WORK ORDER:
Since the records include pictures, leave those out while you reproduce exactly and only the lines from the one containing "Herrschners Christmas Vibes Ornament Kit" through the one containing "Satellite Measurement And Control Market", inclusive.

INFORMATION GIVEN:
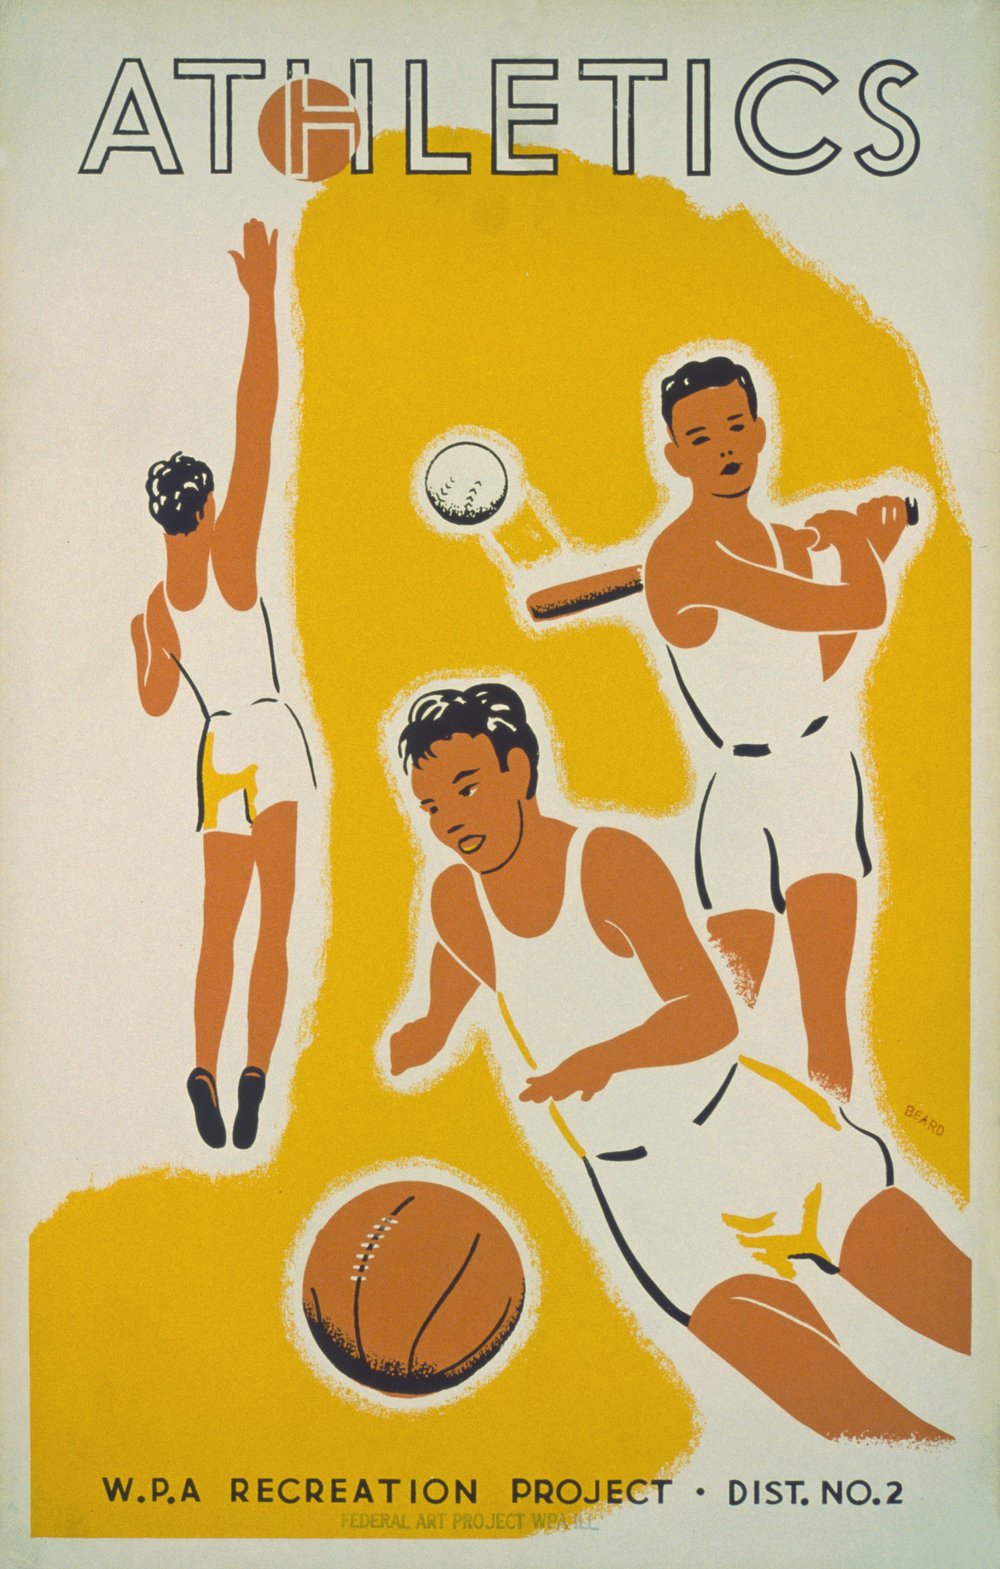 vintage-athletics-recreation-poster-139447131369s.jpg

* * *

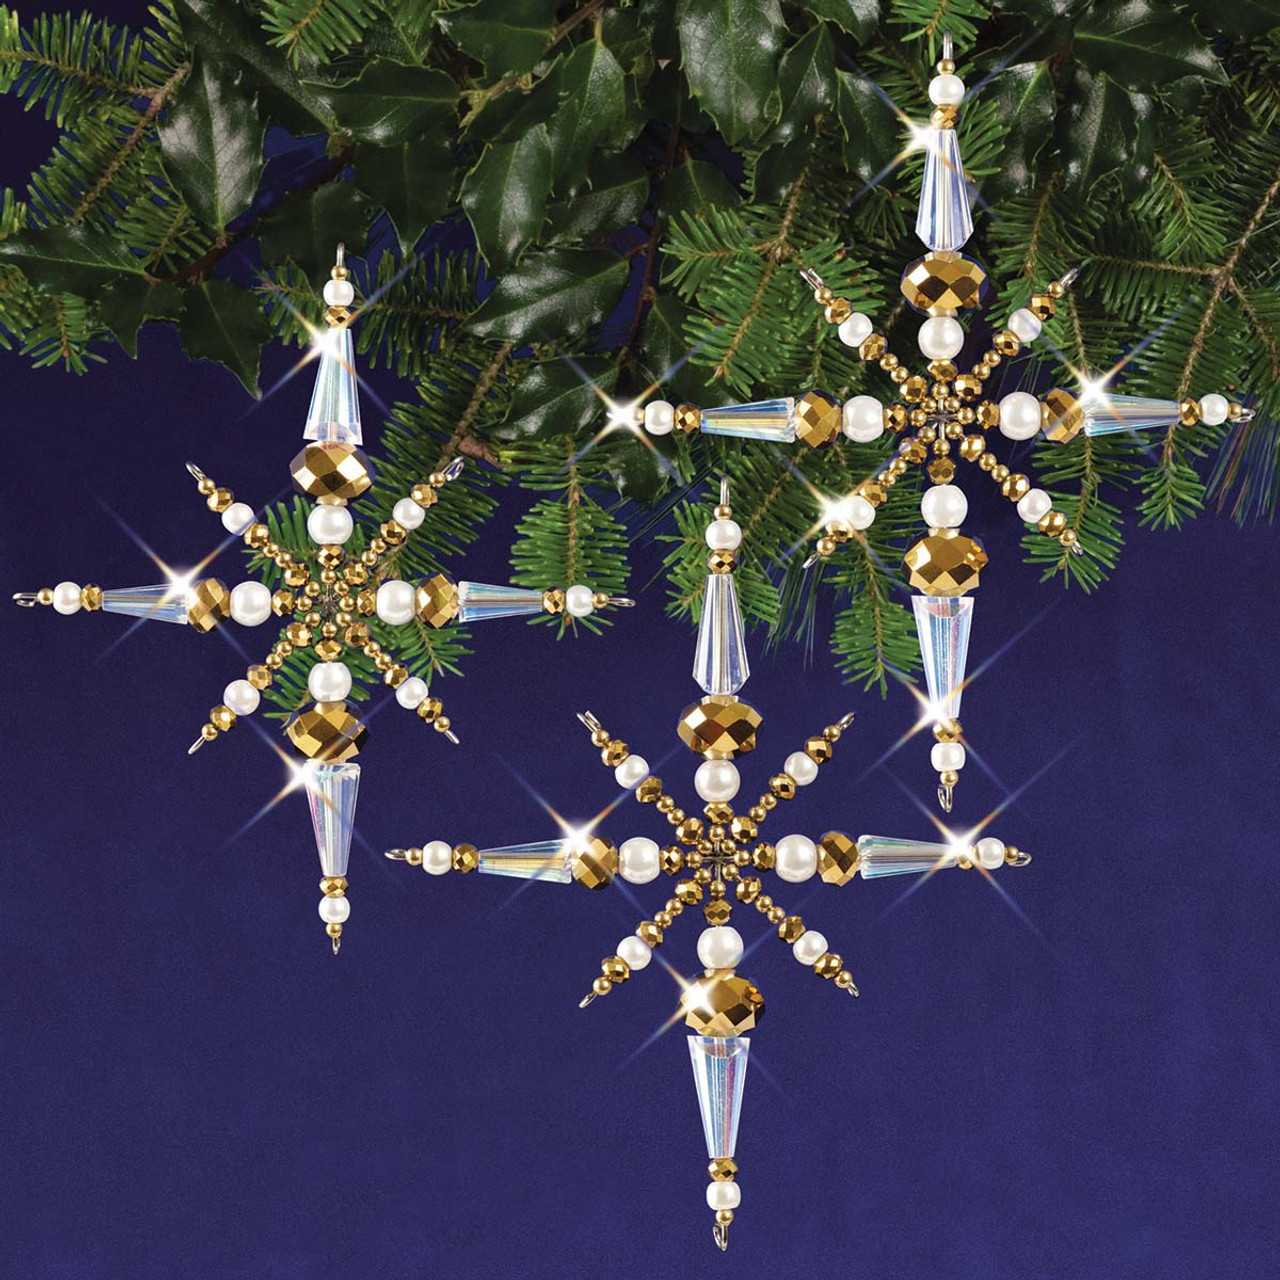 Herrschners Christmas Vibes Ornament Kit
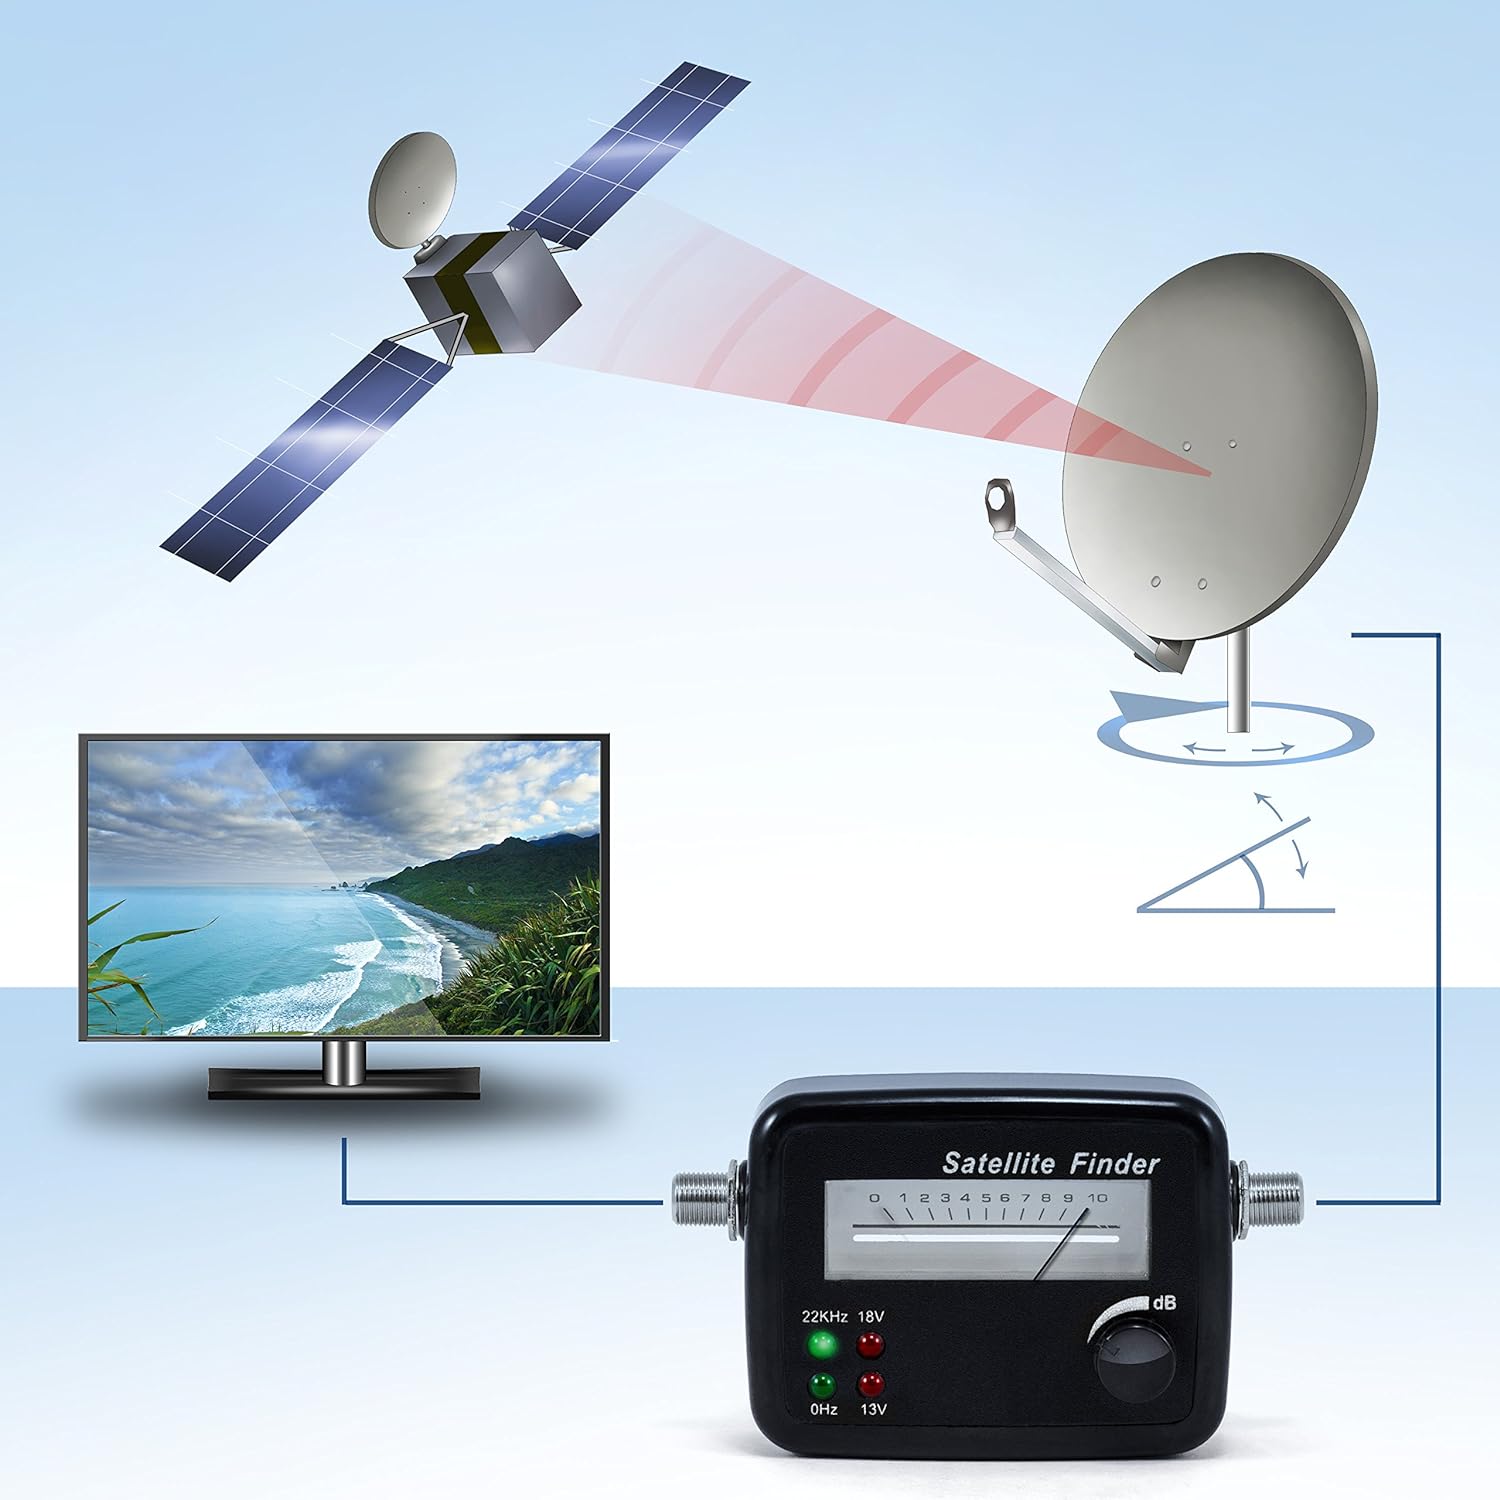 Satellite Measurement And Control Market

* * *

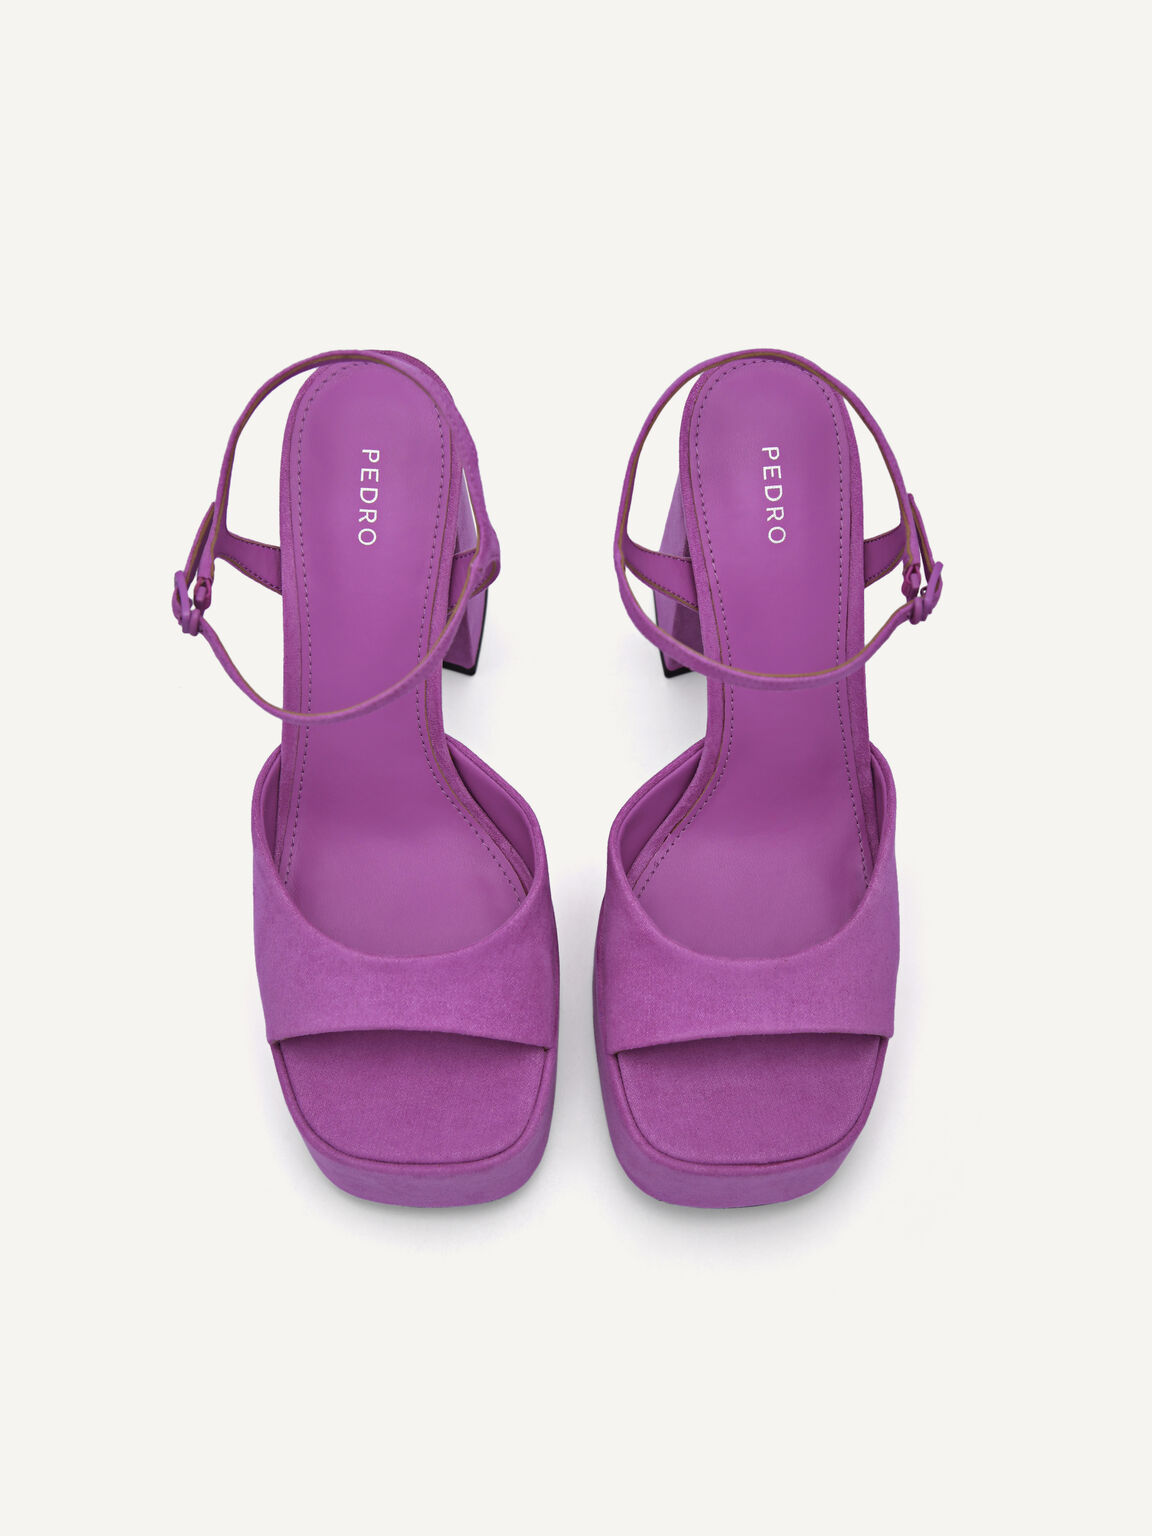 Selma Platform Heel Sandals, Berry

EXERCISE RESULT:
 Herrschners Christmas Vibes Ornament Kit
 Satellite Measurement And Control Market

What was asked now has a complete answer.